Updating README to identify what Model Evaluation Metrics mean

sridhs21 · sridhs21 · commit 2c0277a529c1 · 2025-10-21T12:45:24.000-04:00
diff --git a/README.md b/README.md
@@ -108,6 +108,11 @@ The classifier supports several command line options for training configuration:
 - `--plotDir`: Directory where figures are written (default: `./plots`)
 - `--checkPointFrequency`: Number of epochs between model checkpoints (default: 10)
 
+### Performance Benchmarking
+- `--benchmark`: Enable performance benchmarking (tracks timing, throughput, GPU memory)
+- `--benchmark-output`: Path to save benchmark results JSON file (default: `./benchmark_results.json`)
+- `--eval-output`: Path to save evaluation metrics JSON file (default: `./evaluation_metrics.json`)
+
 ### Testing
 - `--smoke-test`: Run minimal smoke test for CI (overrides other parameters for quick validation)
 
@@ -138,4 +143,51 @@ The following commands should be run on `checkers` **every time you create a new
 cd nsfCssiMlClassifier
 source envPyTorch.sh
 source pgkyl/bin/activate
-```
+```
+
+## Model Evaluation Metrics
+
+The model evaluation system measures how well the classifier identifies X-points (magnetic reconnection sites) by treating it as a pixel-level binary classification problem.
+
+### Key Metrics
+
+The evaluation outputs several metrics saved to JSON files:
+
+- **Accuracy**: Overall pixel classification correctness (can be misleading due to class imbalance)

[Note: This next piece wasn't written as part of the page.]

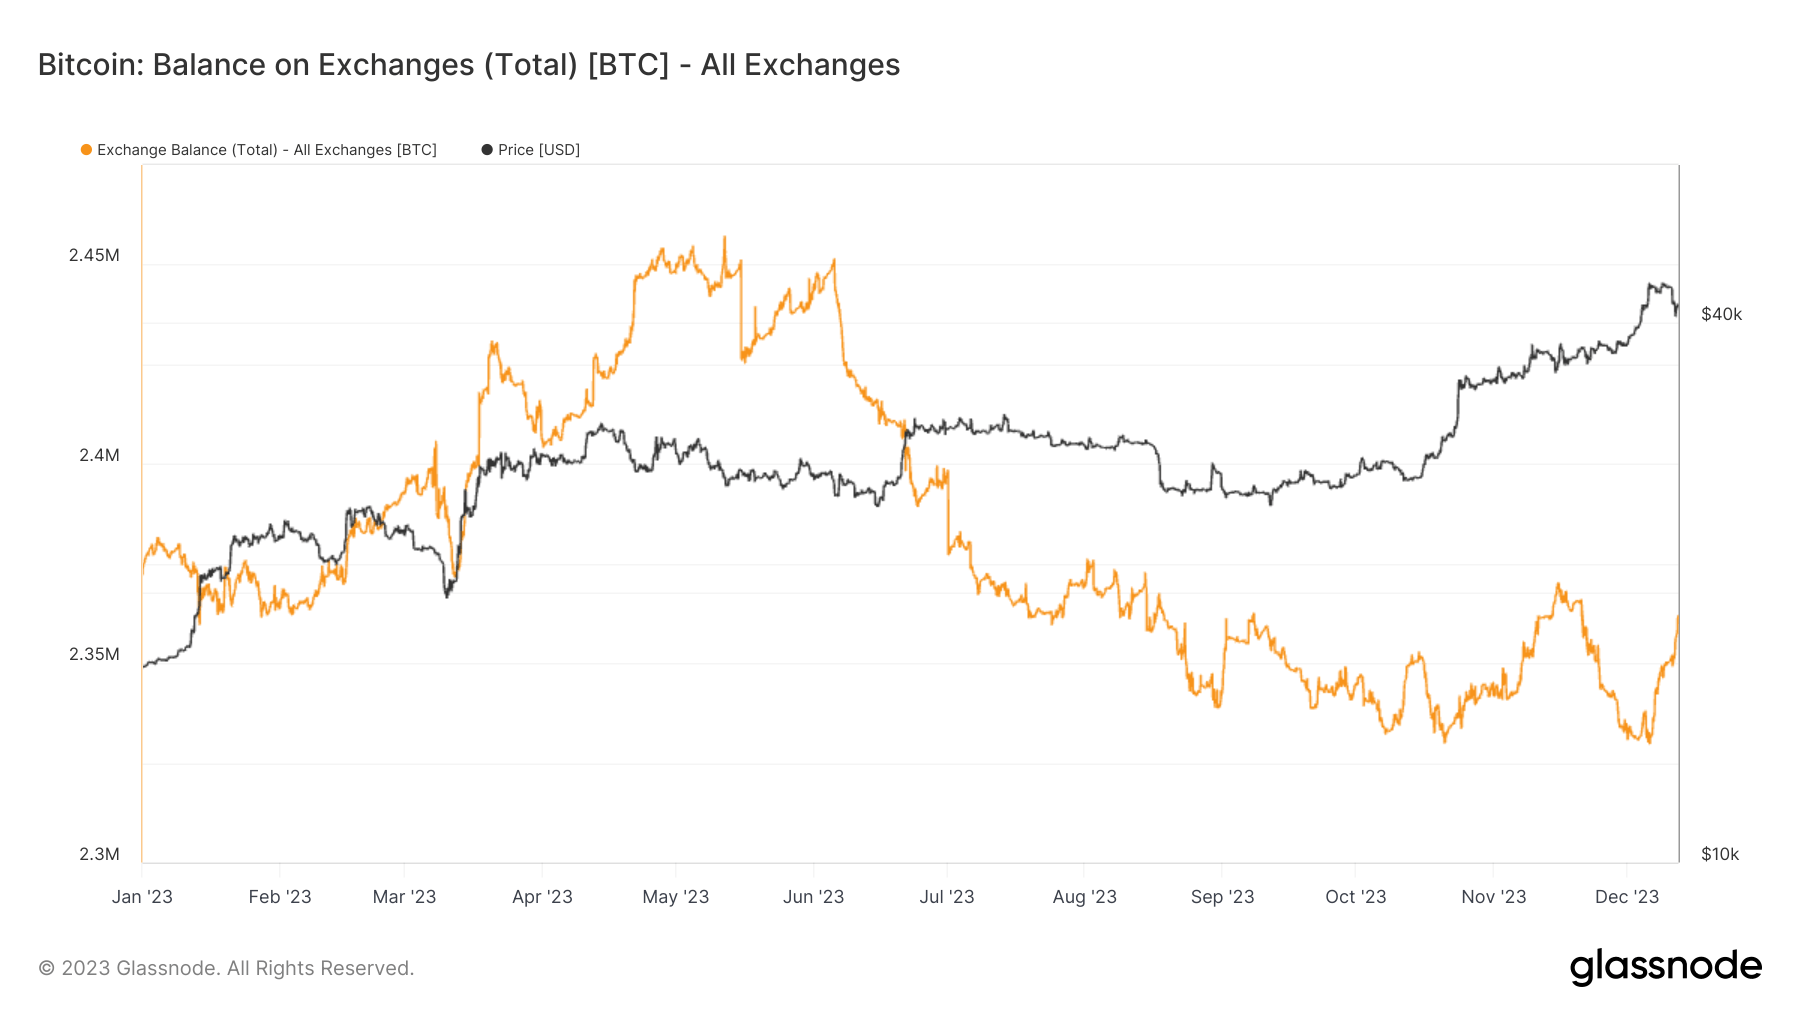 Bitcoin vê retorno massivo às exchanges com influxo de mais de 10,000 BTC

+- **Precision**: Fraction of detected X-points that are correct (measures false alarm rate)
+- **Recall**: Fraction of actual X-points that were found (measures miss rate)
+- **F1 Score**: Harmonic mean of precision and recall (balanced performance metric)
+- **IoU**: Intersection over Union - spatial overlap quality between predicted and actual X-point regions
+
+### Understanding the Results
+
+**Good performance indicators:**
+- F1 Score > 0.8
+- IoU > 0.5  
+- Similar metrics between training and validation sets (no overfitting)
+- Low standard deviation across frames (consistent performance)
+
+**Warning signs:**
+- Large gap between training and validation metrics (overfitting)
+- High precision but low recall (too conservative, missing X-points)
+- Low precision but high recall (too aggressive, many false alarms)
+- High frame-to-frame variation (inconsistent detection)
+
+### Output Files
+
+After training, the model produces:
+- `evaluation_metrics.json`: Validation set performance
+- `train_evaluation_metrics.json`: Training set performance  
+- Performance plots in the `plots/` directory showing:
+  - Training history (loss curves)
+  - Model predictions vs ground truth
+  - True positives (green), false positives (red), false negatives (yellow)
+
+### Physics Context
+
+For reconnection studies:
+- **High recall is critical**: Missing X-points means missing reconnection events
+- **Precision affects analysis**: False positives corrupt downstream calculations
+- **IoU indicates localization**: Poor IoU means inaccurate X-point positions
+
+The model uses a 9×9 pixel expansion around X-points to account for localization uncertainty while still requiring accurate region identification.